Perhaps I’ll change my own world completely, and examine my world from the perspective of a high school. Populate it with those lost friends and acquaintances, the dreaming of a thousand more lifetimes whose tales some distant writers in other places believe they are creating, when in truth they merely watch from the vistas of their minds and record the tales they witness for others to experience as they themselves have.
We have imagined for the mighty dead;
All lovely tales that we have heard or read:
All is set once again, and I have made up my mind: I rewind my memory to the day all hell broke loose, when Precia surprised me after her long dormancy, on the day of my marriage with Nanoha, having gathered her remaining strength to take her last desperate chance at undoing the universe. An event that, as in every scenario I enact, will not happen.
On a spur of the moment, as I did the last time, I rewind it another nine hours further back.
I close my eyes.
I open my eyes from my blink and stare at my ceiling, feeling rapturous inside.
One less than twenty six. Twenty five is a squared number. Twenty five marbles can be arrayed into a clean quadrilateral.
Twenty five, a year older than twenty four.
Tomorrow, I, Fate T. Harlaown, will be twenty five.
Tomorrow morning is a happy occasion. Especially for me. Tomorrow morning marks the end of an era.
As of tomorrow morning, Takamachi Nanoha is getting married.
As of tomorrow morning, I will once again be with the one I love.
An endless fountain of immortal drink,
Pouring into us from the heaven's brink.
This one-shot was inspired by a similar story I've read on FF.net.
The idea that inspires it is the following: God created the universe so that he could have friends.
It's an interesting interpretation of what fanfiction is; the desperate attempts of a lonely god to return to what she knows and loves.
Endymion is the story of a man who sleep and dreams of other worlds and realities where things are different.
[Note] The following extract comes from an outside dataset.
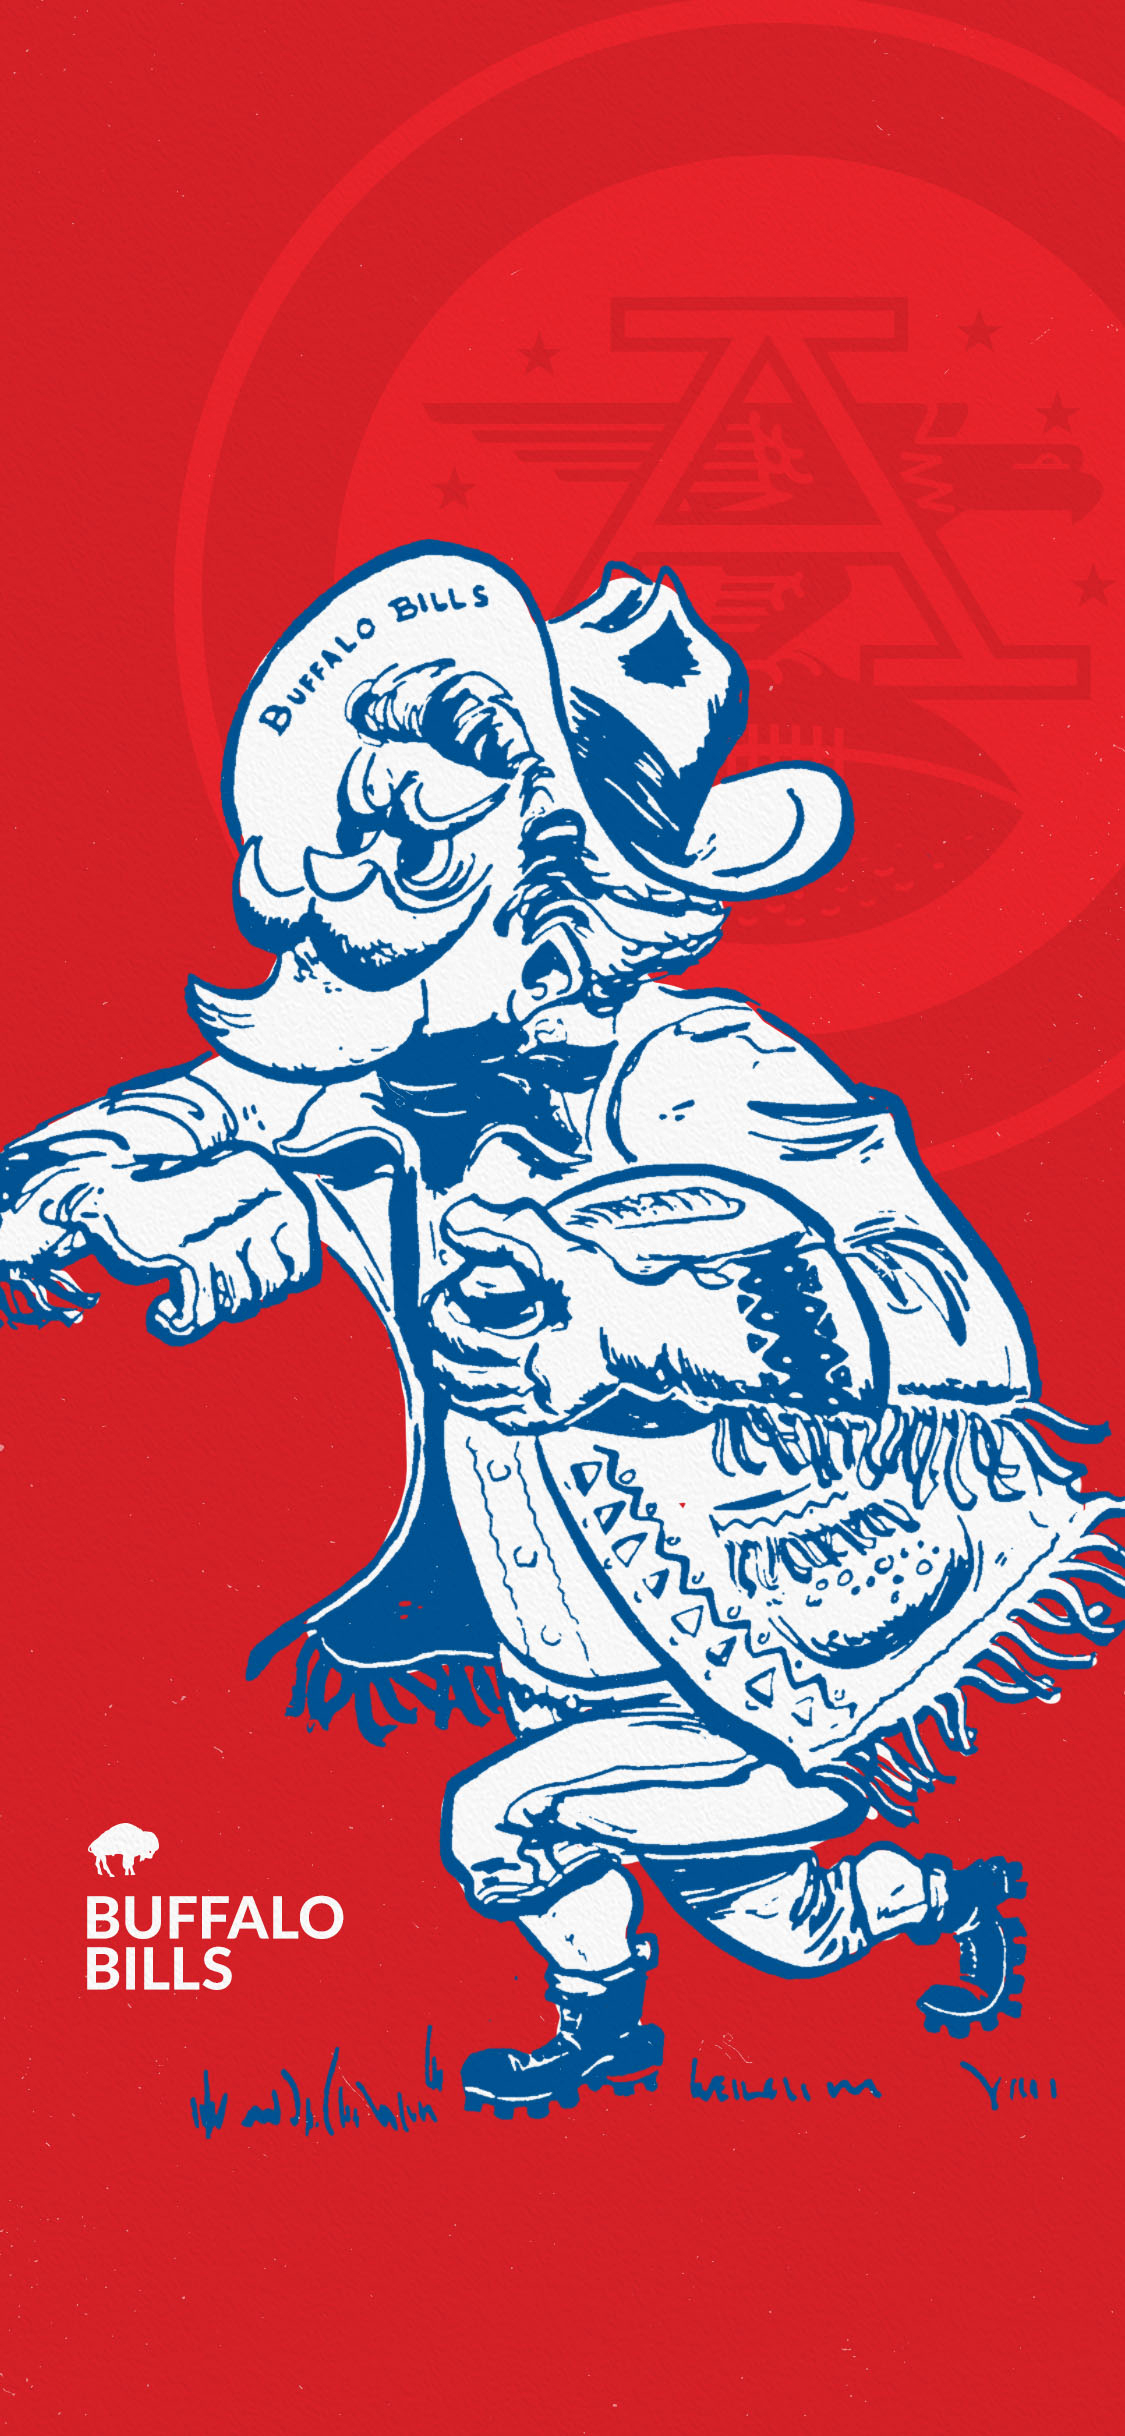 Buffalo Bills Wallpapers   Buffalo Bills - Buffalobills

I think it's beautiful.It remembers me of Mokou at beginning.It almost made me wanna cry......realy beautiful
I think it's a very nice work, good job !
; ~ ; JOKULLLLLLLLLLLL WHY IS THAT SONG SO PERFECT WITH THIS?! >_>;
THIS IS... AWESOME. *four thumbs up, including Ayah's*
For some reason it makes my head hurt.
It's brilliantly written and I keep re-reading and my head keep hurting.
It feels so bleak. I guess immortality isn't all that it's cracked up to be.
This... is simply excellent. Hat's off to you Jok, you deserve it.